Sunday, August 4, 2013

I am Clark Griswold


I am Clark Griswold.  Like an Alcoholics Anonymous confession to start a meeting, knowing you have a problem is half the battle.  Like the father character played by Chevy Chase in National Lampoon’s Vacation, I am getting ready to take my family on a road trip to California.  Also like Clark I have planned plenty of stops along the way, because as Clark says “getting there is half the fun.”
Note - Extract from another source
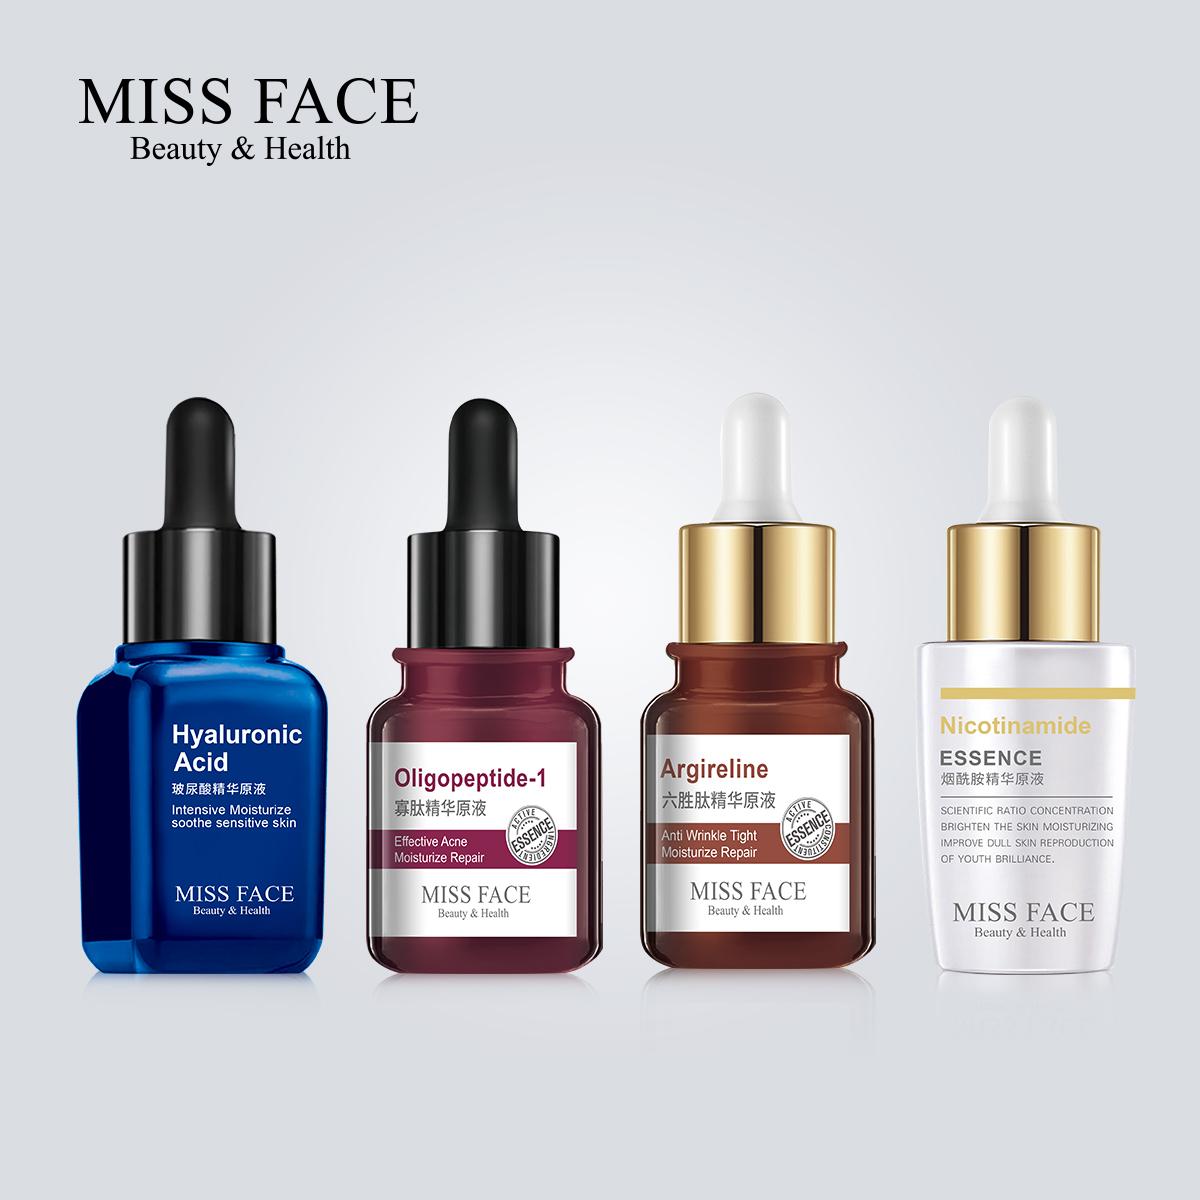 Missface面部精华原液组合装补水保湿去痘印提拉紧致淡化细纹

Watching the film again as trip preparation I realize just as Clark neurotically plans his own cross country odyssey from Chicago to Walley World I too have the same over planning gene (sadly I have also been compared to Julie the Cruise Director on the Love Boat so I would actually prefer the Clark Griswold reference).  While our trip gladly will skip some aspects of the Griswold itinerary like a visit to the St. Louis ghetto and a trip to the relatives to pick up Aunt Etna which leads to a side trip to Phoenix, there are many elements that will be included in our trip including the landscapes of Colorado and Utah (our dog will do better I promise you then Dinky’s fate in the film) and a culmination in a visit to Magic Mountain which played Walley World in the film.  Hopefully our trip does not go off the tracks like the Griswold’s vacation does turning me from the neurotic on the edge suburban Dad to the John Candy security guard kidnapper with a pellet gun at the end.

Even if you don’t have a family road trip planned for the summer, I do recommend the Vacation film as something you should go back and watch.  Whether it be the Christie Brinkley as the siren in the red Ferrari, Anthony Michael Hall as son Rusty before his brat pack days, the uncomfortable relatives led by cousin Eddie (Randy Quaid), and the final scenes at Walley World this movie has all sorts of classic moments.  I had almost forgotten that this movie was a John Hughes film done before he started his classic run of Sixteen Candles, the Breakfast Club, Weird Science, Pretty in Pink, Ferris Bueller’s Day Off, and Some Kind of Wonderful that pretty much documented my growing up in the eighties.  That alone makes it a reason to understand the beginning of that stretch of films that characterized many of my teenage trips to the movies.